Warning: Mom, you probably don't want to read this one. Seriously. Stop here.
People who know me in life know that I am a force to be reckoned with. While I'm shy at first, once I get comfortable, I just don't shut up. Furthermore, I'm argumentative by nature and I hate to lose. I win so many of my arguments not because I know what I'm talking about (in fact, in many cases, I don't have a clue what I'm talking about), but because I have my bag o' lawyer tricks. It's easy to paint someone into a corner if you know how. It's not difficult to destroy a perfectly plausible theory, simply by pointing out ridiculous, irrelevant inconsistences. If you get people lost in the minutia, they lose track of the big picture and you win.

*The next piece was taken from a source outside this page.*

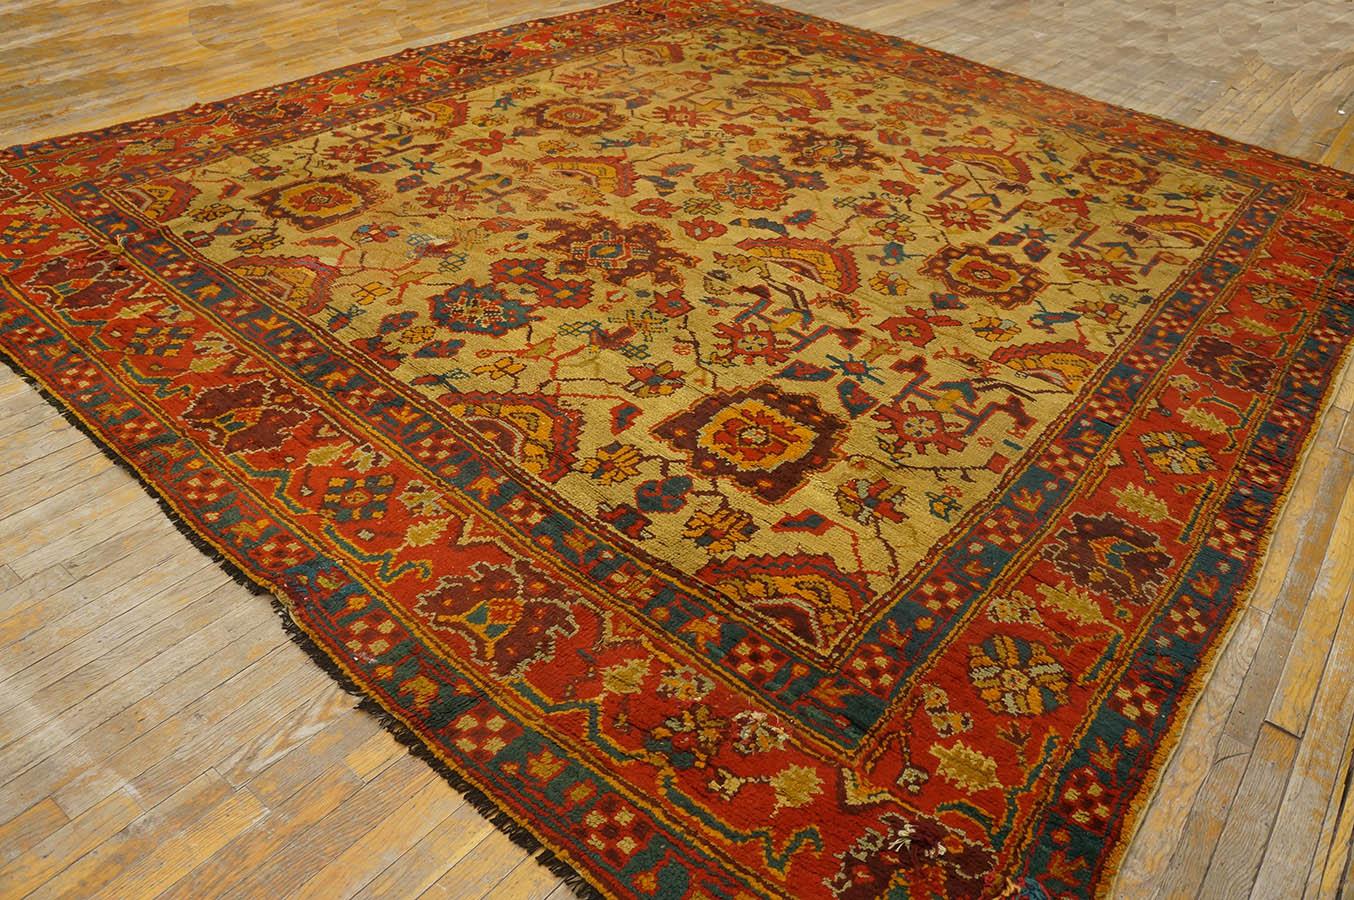 Antique Turkish Oushak rug, Size: 10' 10'' x 12' 8''.

If you reframe the issue, arguing something that wasn't even brought up, you're right, they're wrong, and you win.
I have been aptly described as having a dominant personality. The only place this may not hold true is at work. An office full of lawyers is, by definition, a pack of attention whores. But in social settings, I can see what people mean. I don't have time for bullshit, and don't have the patience to put up with it. I've been told by some that I'm "refreshingly honest," by which they mean I'm a bitch who'll be brutally frank.
So what's the problem?
The men I meet in my life presume that because I'm dominant in life, that's how I am whe it comes to sex. Truth be known, I hate being the initiator or the aggressor. Being the seductress is fine, but when the mindplay becomes physical foreplay, I want to be dominated. I want someone to take control and do horrible things that I can't write because I know my mother is still reading this. (Seriously, Mom, I told you to stop.)
Yes, I admit it: I am a submissive. But I am what I enjoy referring to as a "reluctant sub." I'm fiery. I like to fight back. Sadly, however, no one's ever had the patience or sexual aptitude to realize that I enjoy the struggle, and in the end, the submission.